À en croire ce qui s'imprime à pleines pages d'annonces, le héros de la guerre actuelle, celui à qui nous devrons la victoire, c'est l'alcool. Du whisky, des coktels, de la bière, voilà qui va faire reculer les Japonais jusque dans leurs îles, les Allemands jusque dans la Forêt Noire.
L'alcool, mais il a été presque officiellement décoré en Angleterre. La Royal Air Force emploie un corps auxiliaire féminin. Jusqu'au 28 mars dernier, seules y étaient admises les candidates reconnues comme buveuses et les ferventes du cocktel.
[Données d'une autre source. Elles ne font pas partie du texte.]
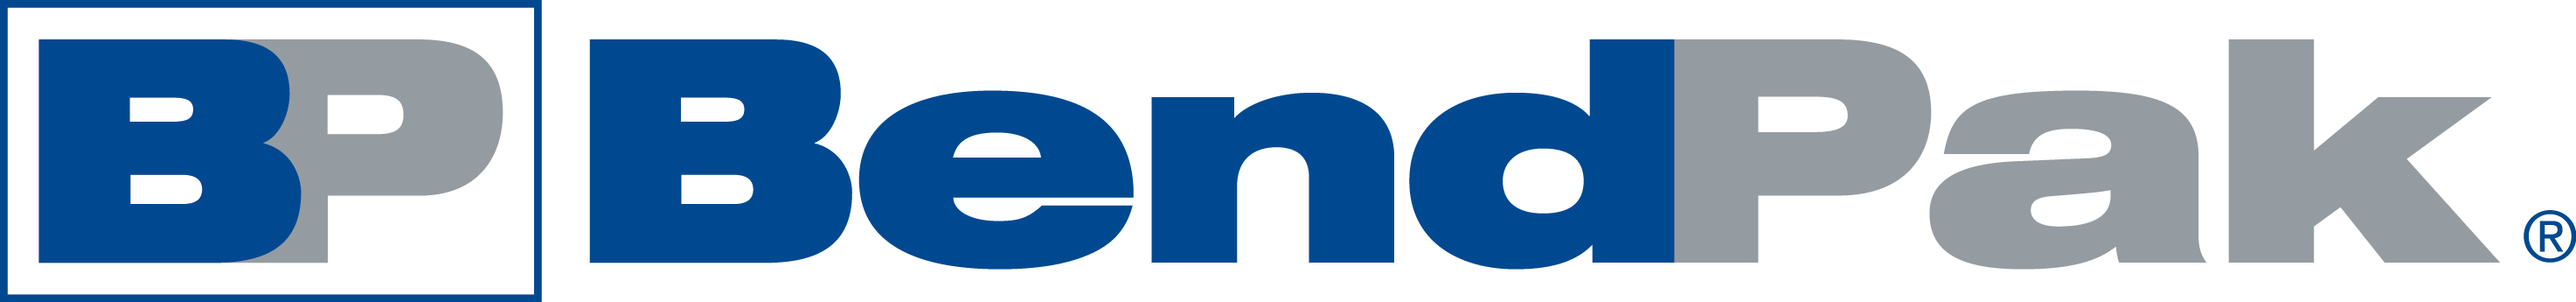 Bendpak logo

Il a fallu la dénonciation de ces règlements par des députés aux Communes pour qu'on permette aux femmes tempérantes d'entrer elles aussi dans le corps auxiliaire de l'aviation britannique.
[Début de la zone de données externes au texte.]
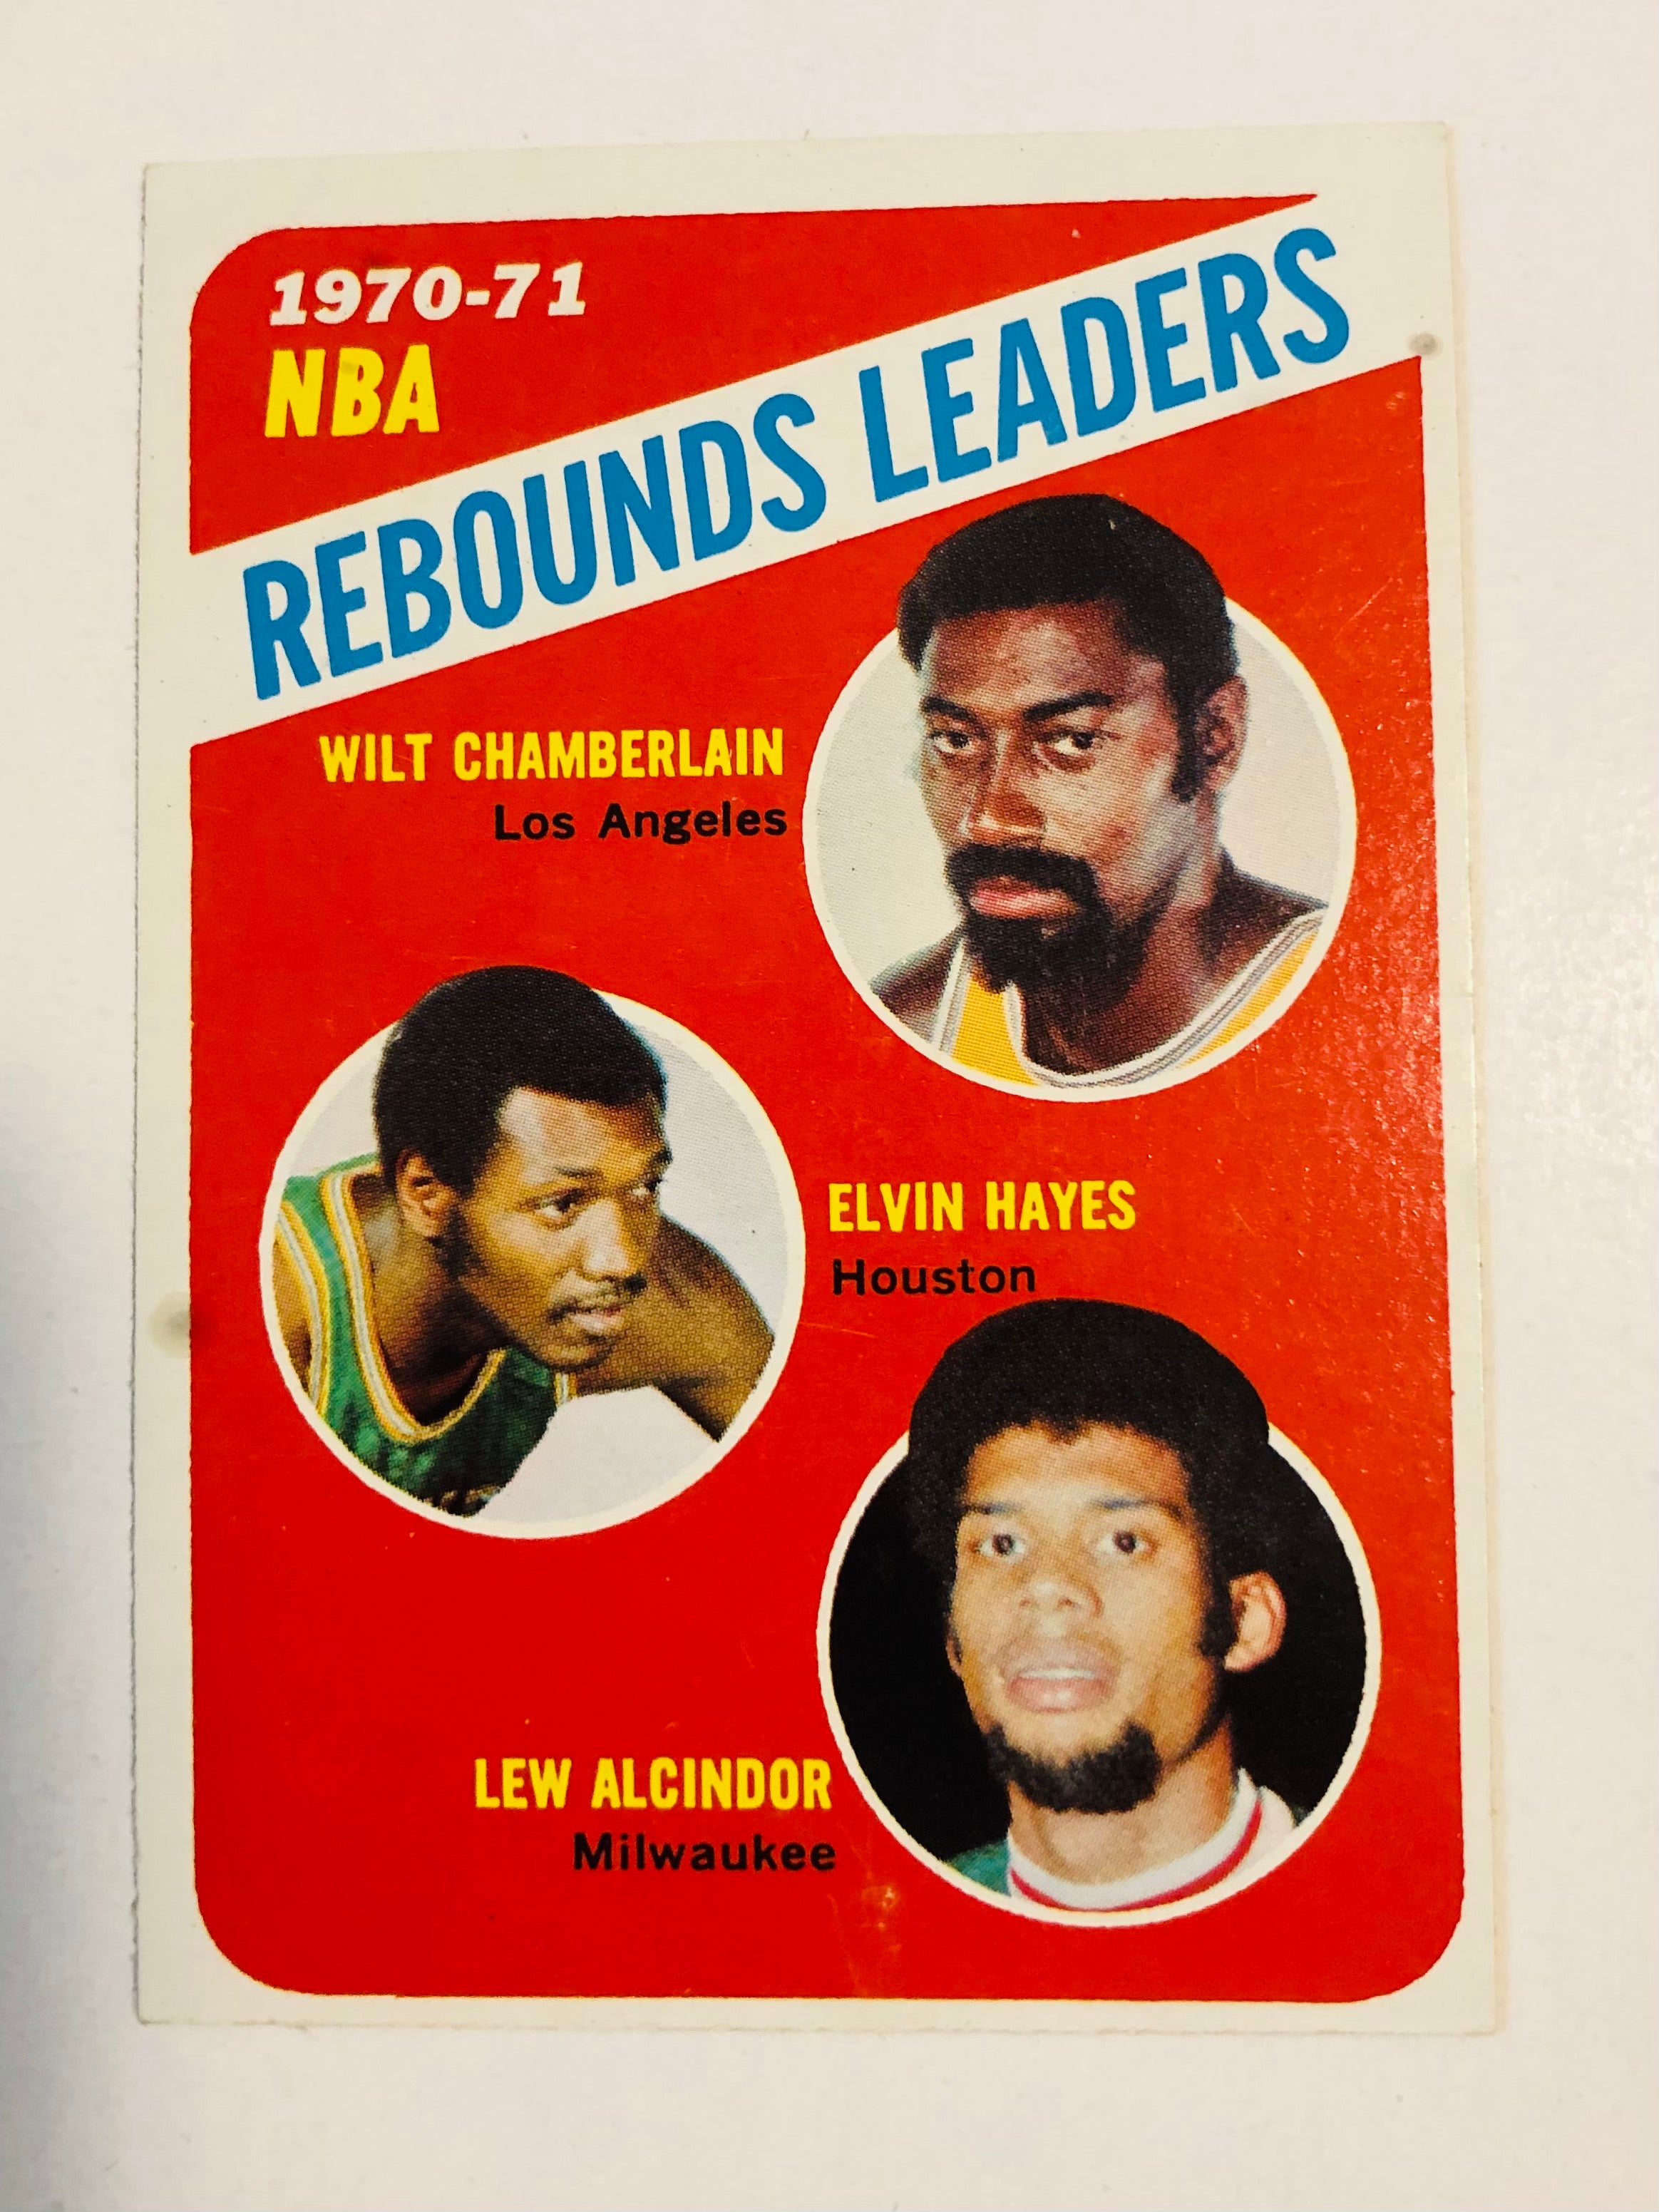 Kareem Abdul Jabbar and Wilt Chamberlain Rebound leaders basketball card 1971

C'est ce qu'exprime en toutes lettres une dépêche de la B.U.P. datée du 28 mars à Londres.
Par ailleurs, on connaît l'apothéose de la bière faite sans discontinuer par l'Institut des Brasseries à peu près dans tous nos journaux.
Une annonce de John Labatt Limited, occupant une page entière en quatre couleurs dans La Patrie, nous sert ce plat :
"La récolte du houblon — et je suppose que ça comprend aussi le brassage, est un travail d'importance nationale... Pas de bière, pas d'obus... Les autorités disent que le délassement sain que fournit un verre de bonne bière a pour résultat de maintenir le moral des ouvriers et celui des soldats."
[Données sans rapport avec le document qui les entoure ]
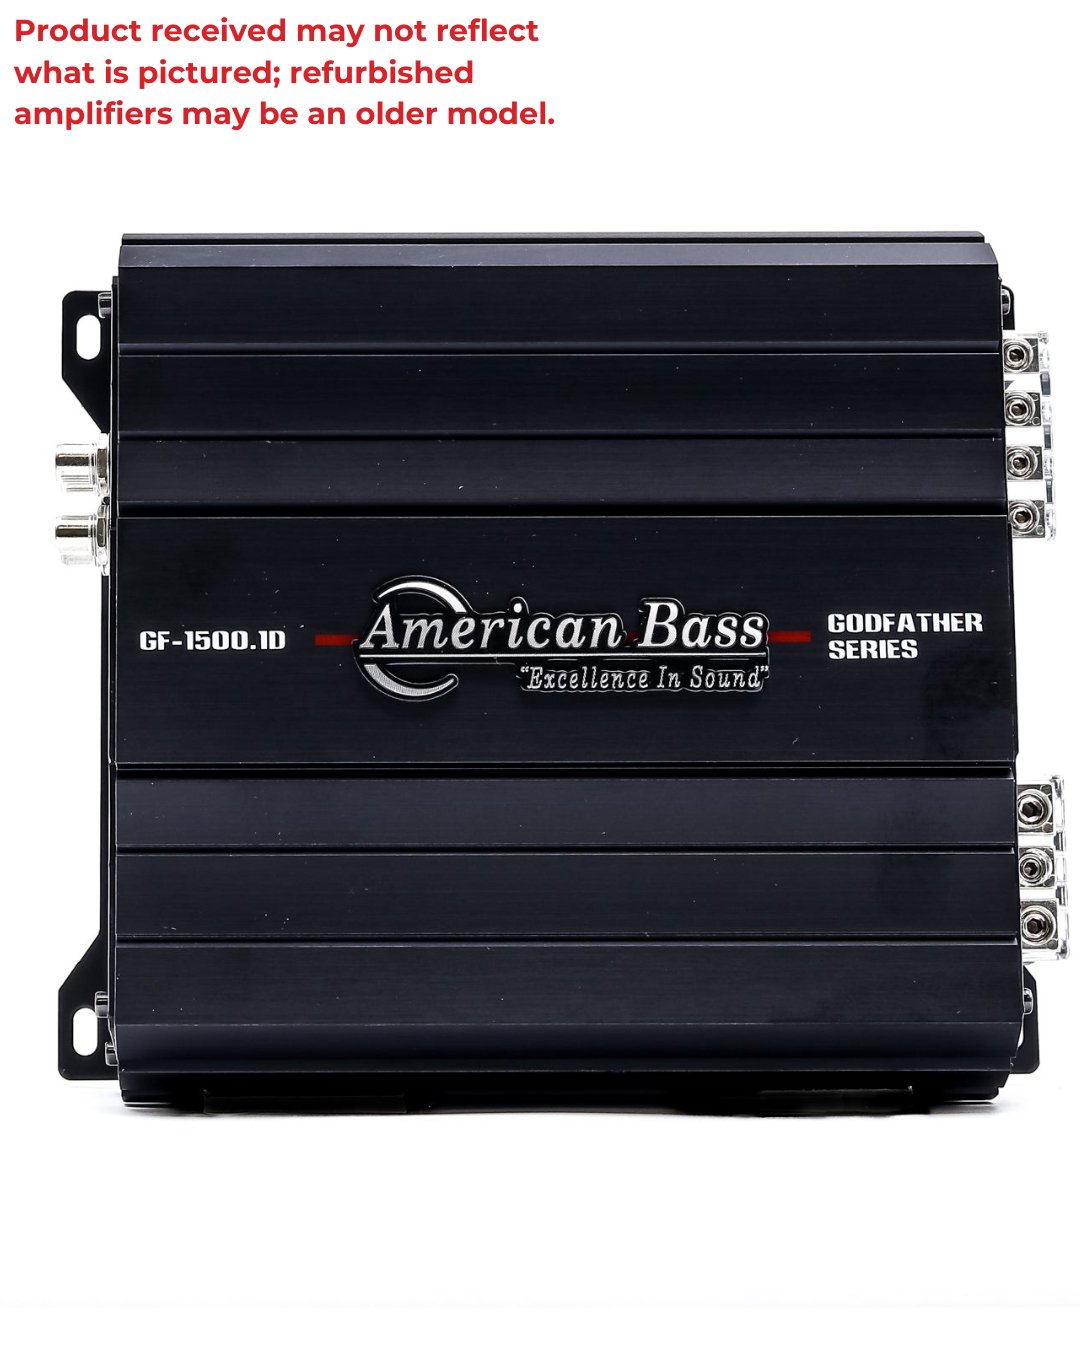 Godfather 1500.1D Amplifier Refurbished - American Bass Audio

Mais le héros Alcool va-t-il réellement gagner la guerre ? À Hong-Kong, il y avait 600,000 bouteilles de whisky et seulement 223 mitrailleuses. Et Hong-Kong est maintenant aux mains des Japonais. Si la proportion des mitrailleuses et des bouteilles de whisky eût été renversée, le résultat serait probablement différent.